▶ [Action item]:
Look through the listing below for lines containing the word "glass". State only their number.

▶ [Provided information]:
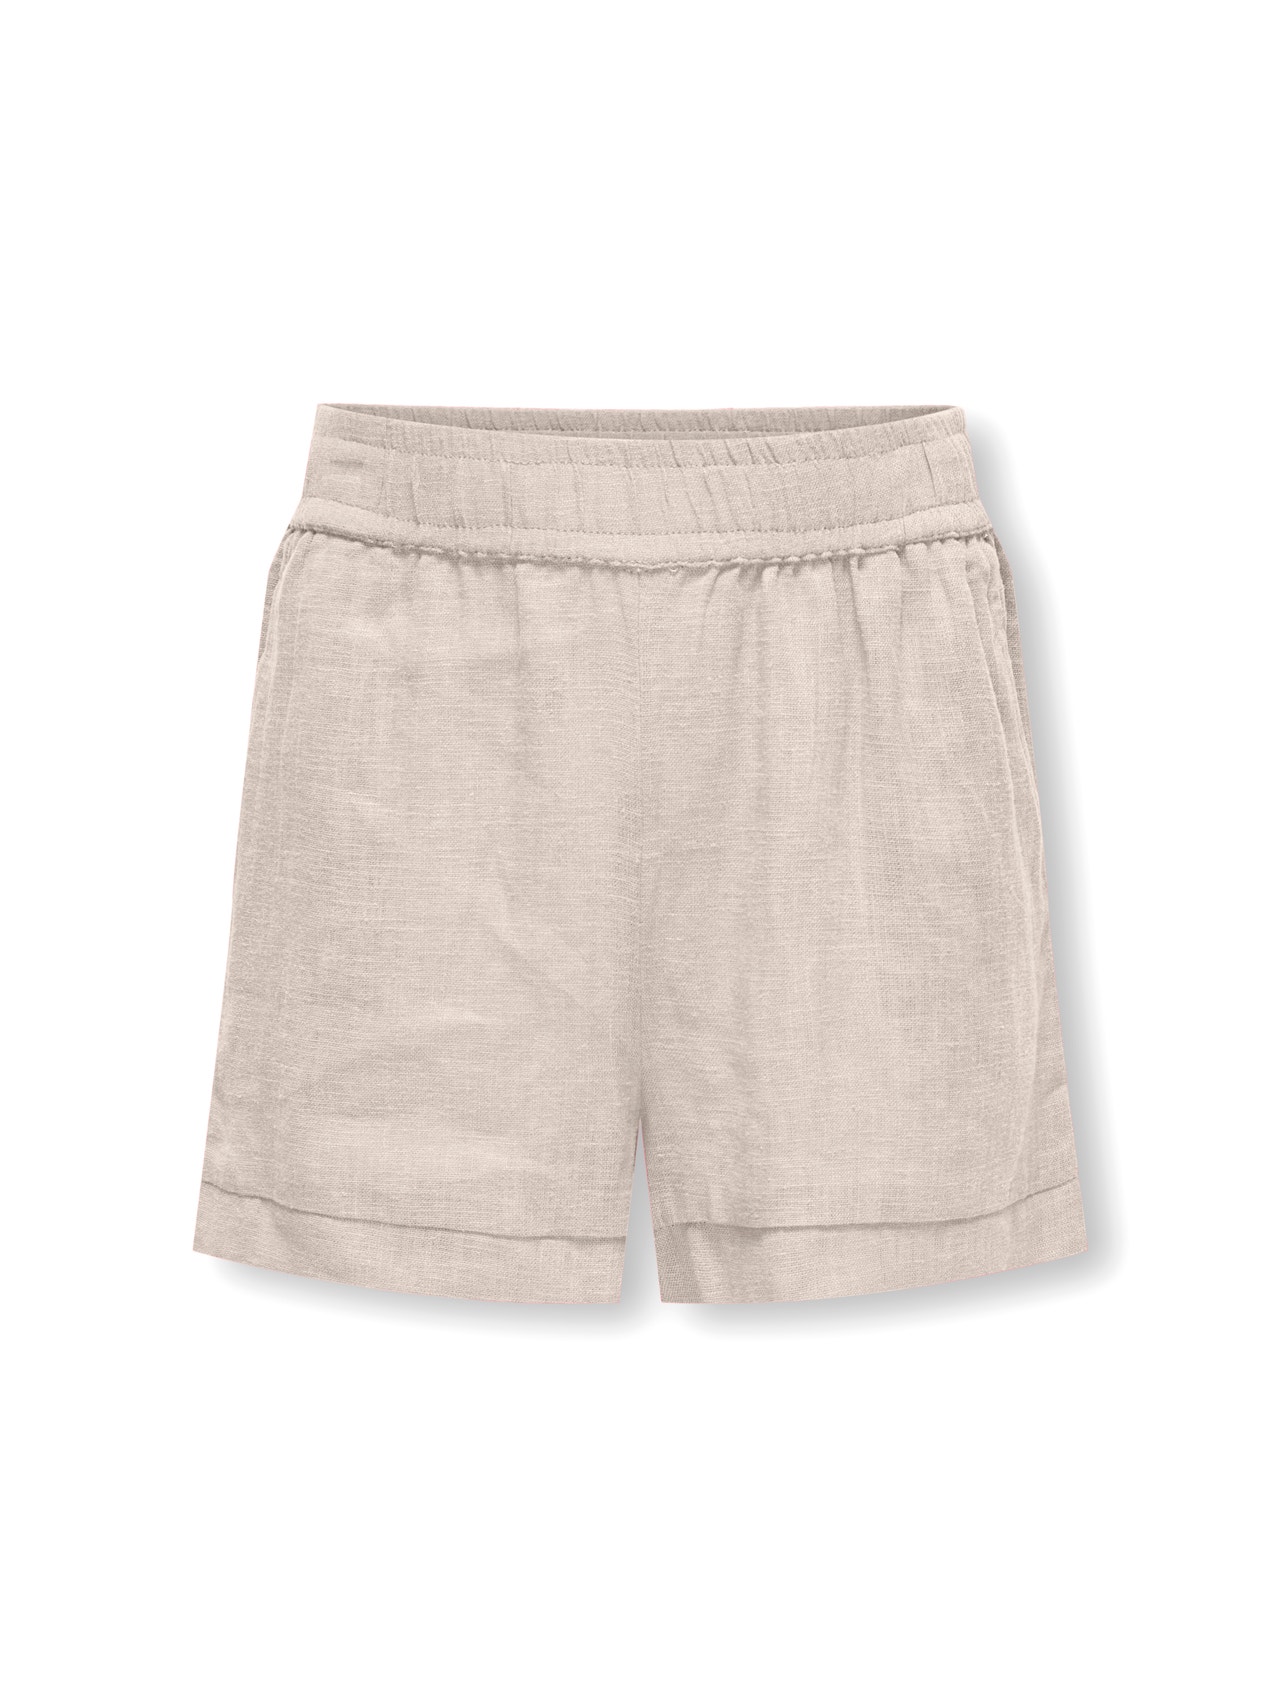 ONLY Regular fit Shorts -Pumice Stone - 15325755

==

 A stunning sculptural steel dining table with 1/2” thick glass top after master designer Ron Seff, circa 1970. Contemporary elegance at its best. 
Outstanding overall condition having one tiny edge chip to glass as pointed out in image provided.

▶ [Solved problem]:
2